Instructions to follow: Copy out, unchanged, every line from the start of the records to the line that contains "Елм 327 версия", and stop there.

[Collected data]
%%

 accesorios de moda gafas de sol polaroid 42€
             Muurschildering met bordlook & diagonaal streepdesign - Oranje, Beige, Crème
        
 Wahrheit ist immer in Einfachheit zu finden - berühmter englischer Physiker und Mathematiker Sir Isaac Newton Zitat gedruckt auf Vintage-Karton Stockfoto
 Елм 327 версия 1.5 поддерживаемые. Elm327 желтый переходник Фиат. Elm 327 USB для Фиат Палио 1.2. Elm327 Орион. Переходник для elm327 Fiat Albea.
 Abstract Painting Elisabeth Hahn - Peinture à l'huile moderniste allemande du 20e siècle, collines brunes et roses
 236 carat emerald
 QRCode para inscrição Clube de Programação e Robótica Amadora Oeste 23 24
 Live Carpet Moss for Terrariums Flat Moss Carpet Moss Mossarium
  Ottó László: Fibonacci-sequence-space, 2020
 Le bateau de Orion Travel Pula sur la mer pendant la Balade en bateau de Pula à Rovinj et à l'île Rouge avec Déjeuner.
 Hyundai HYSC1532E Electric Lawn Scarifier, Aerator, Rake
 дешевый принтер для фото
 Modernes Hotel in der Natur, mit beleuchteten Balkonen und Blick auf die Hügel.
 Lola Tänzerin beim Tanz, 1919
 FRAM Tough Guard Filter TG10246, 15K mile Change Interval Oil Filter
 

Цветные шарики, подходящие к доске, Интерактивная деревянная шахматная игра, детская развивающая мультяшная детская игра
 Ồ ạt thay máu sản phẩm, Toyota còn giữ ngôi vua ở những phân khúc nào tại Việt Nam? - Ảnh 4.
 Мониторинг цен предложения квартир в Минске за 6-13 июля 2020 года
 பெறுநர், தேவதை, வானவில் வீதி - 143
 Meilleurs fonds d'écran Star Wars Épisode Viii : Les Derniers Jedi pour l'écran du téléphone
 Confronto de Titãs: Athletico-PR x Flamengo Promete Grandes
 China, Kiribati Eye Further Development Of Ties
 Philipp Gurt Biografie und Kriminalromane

%%

Solution to the exercise:
 accesorios de moda gafas de sol polaroid 42€
             Muurschildering met bordlook & diagonaal streepdesign - Oranje, Beige, Crème
        
 Wahrheit ist immer in Einfachheit zu finden - berühmter englischer Physiker und Mathematiker Sir Isaac Newton Zitat gedruckt auf Vintage-Karton Stockfoto
 Елм 327 версия 1.5 поддерживаемые. Elm327 желтый переходник Фиат. Elm 327 USB для Фиат Палио 1.2. Elm327 Орион. Переходник для elm327 Fiat Albea.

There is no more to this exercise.